Elasticsearch“数据”:{“类型”:“浮动”; } 查询返回不正确的结果

发布于 2025-01-16 04:52:32 字数 1137 浏览 2 评论 0原文

我有一个如下查询,当 date_partition 字段为“type”=> “float”它返回诸如 20220109、20220108、20220107 之类的查询。 当字段“类型”=> “long”,它只返回20220109查询。这就是我想要的。

下面的每个查询都会返回结果,就像发送了查询 20220119 一样。 --> 20220109、20220108、20220107

PUT date
{
  "mappings": {
    "properties": {
      "date_partition_float": {
        "type": "float"
      },
      "date_partition_long": {
        "type": "long"
      }
    }
  }
}
POST date/_doc
{
  "date_partition_float": "20220109",
  "date_partition_long": "20220109"
}
#its return the query
GET date/_search
{
  "query": {
    "match": {
      "date_partition_float": "20220108"
    }
  }
}
#nothing return
GET date/_search
{
  "query": {
    "match": {
      "date_partition_long": "20220108"
    }
  }
}

这是一个错误还是 float 类型的工作原理? 加载到 Elasticsearch 的 2 年数据(例如第 1 天、第 2 天)(每天 20 GB pri 分片大小)(总计 15 TB)更改此字段类型的最佳方法是什么? 我的映射中有 5 个浮点类型,更改所有浮点类型的最快方法是什么。 注意:在我看来,我有以下解决方案,但恐怕

  • 查询 API
  • 重新索引 API
  • 运行时搜索请求更新速度很慢(尤其是这个) 谢谢你! 输入图片此处描述

I have a query like below and when date_partition field is "type" => "float" it returns queries like 20220109, 20220108, 20220107.
When field "type" => "long", it only returns 20220109 query. Which is what I want.

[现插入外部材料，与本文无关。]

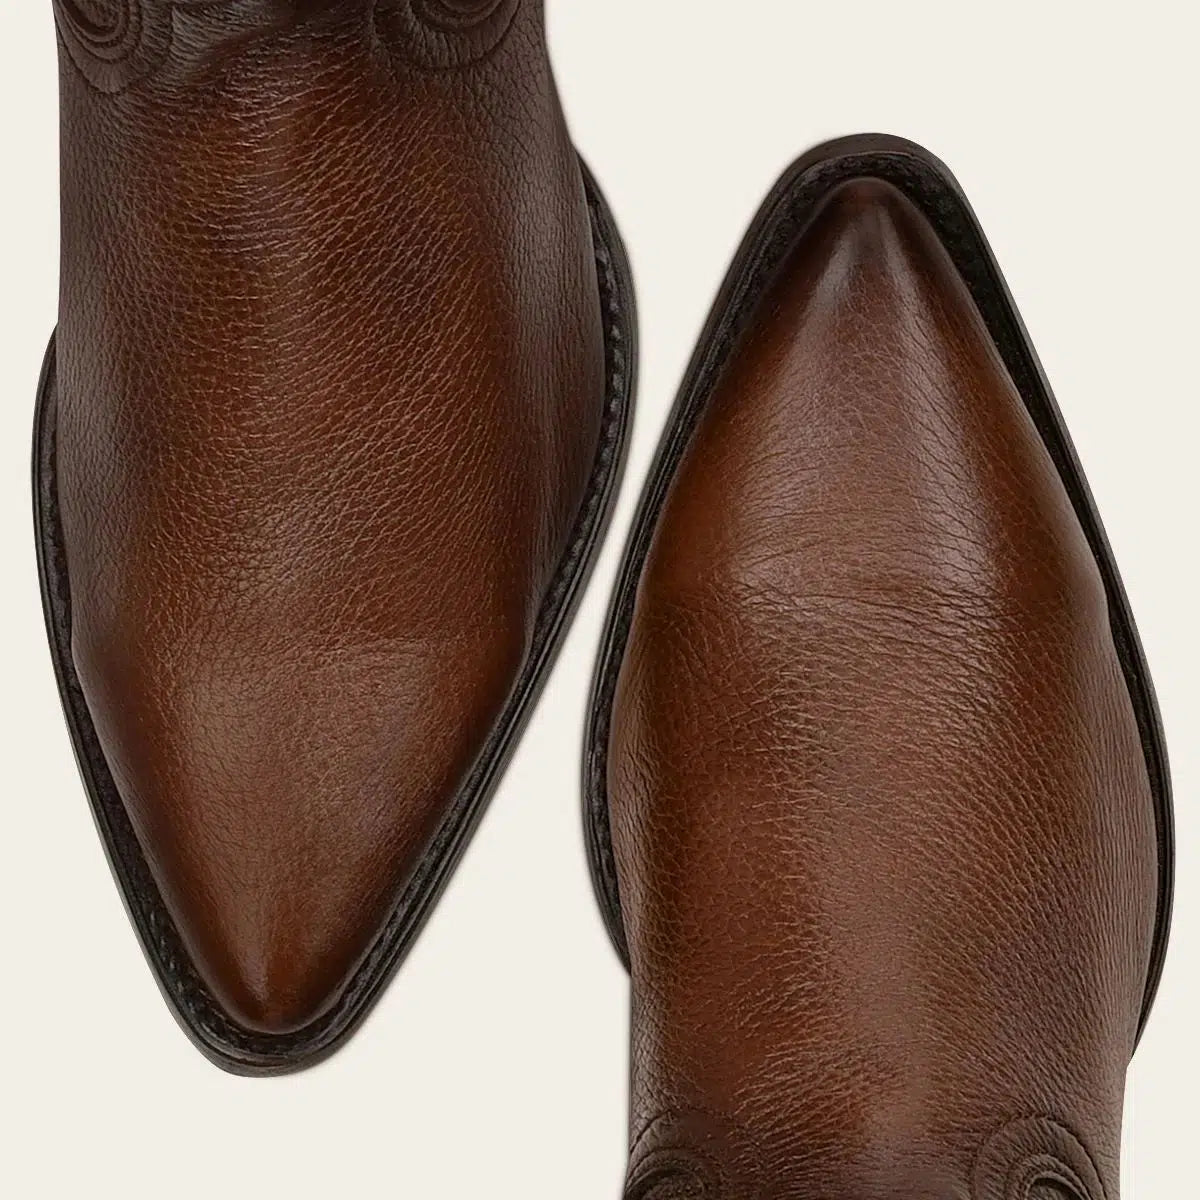 B22PVE - Cuadra brown dress cowboy deer leather boots for men-Kuet.us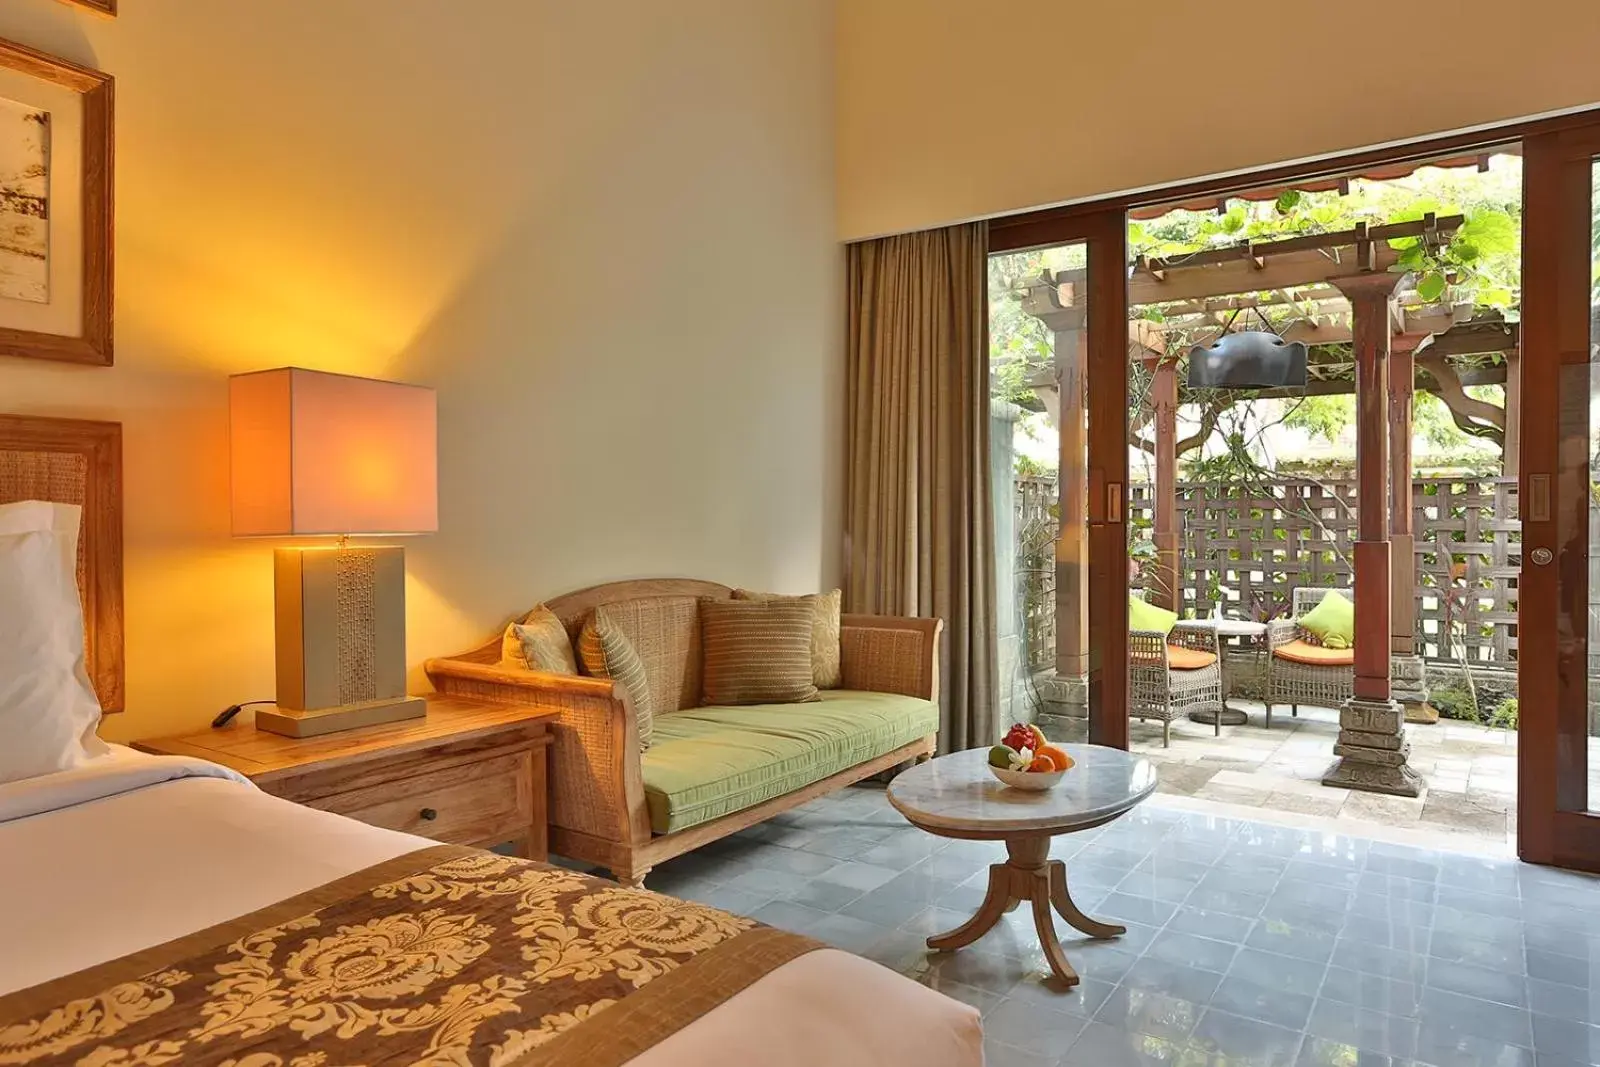 Bedroom, Seating Area in Sudamala Resort, Sanur, Bali

Each queries below, the result is returned as if the query 20220119 was sent.
--> 20220109, 20220108, 20220107

PUT date
{
  "mappings": {
    "properties": {
      "date_partition_float": {
        "type": "float"
      },
      "date_partition_long": {
        "type": "long"
      }
    }
  }
}
POST date/_doc
{
  "date_partition_float": "20220109",
  "date_partition_long": "20220109"
}
#its return the query
GET date/_search
{
  "query": {
    "match": {
      "date_partition_float": "20220108"
    }
  }
}
#nothing return
GET date/_search
{
  "query": {
    "match": {
      "date_partition_long": "20220108"
    }
  }
}

Is this a bug or is this how float type works ?
2 years of data loaded to Elasticsearch (like day-1, day-2) (20 gb pri shard size per day)(total 15 TB) what is the best way to change the type of just this field ?
I have 5 float type in my mapping, what is the fastest way to change all of them.
Note: In my mind I have below solutions but I'm afraid it's slow

  • update by query API
  • reindex API
  • run time search request (especially this one)
    Thank you!
    enter image description here

如果你对这篇内容有疑问,欢迎到本站社区发帖提问 参与讨论,获取更多帮助,或者扫码二维码加入 Web 技术交流群。

扫码二维码加入Web技术交流群

发布评论

需要 登录 才能够评论, 你可以免费 注册 一个本站的账号。

评论(2

娇柔作态 2025-01-23 04:52:33

date_partition 字段应具有 date 类型和 format=yyyyMMdd,这是唯一可以使用的合理类型,而不是 long 甚至更糟糕的浮动

PUT date
{
  "mappings": {
    "properties": {
      "date_partition": {
        "type": "date",
        "format": "yyyyMMdd"
      }
    }
  }
}

查询 20220108 并在结果中返回 20220109 文档是不合逻辑的。

使用date类型还允许您使用适当的基于时间的range查询并在数据上创建date_histogram聚合。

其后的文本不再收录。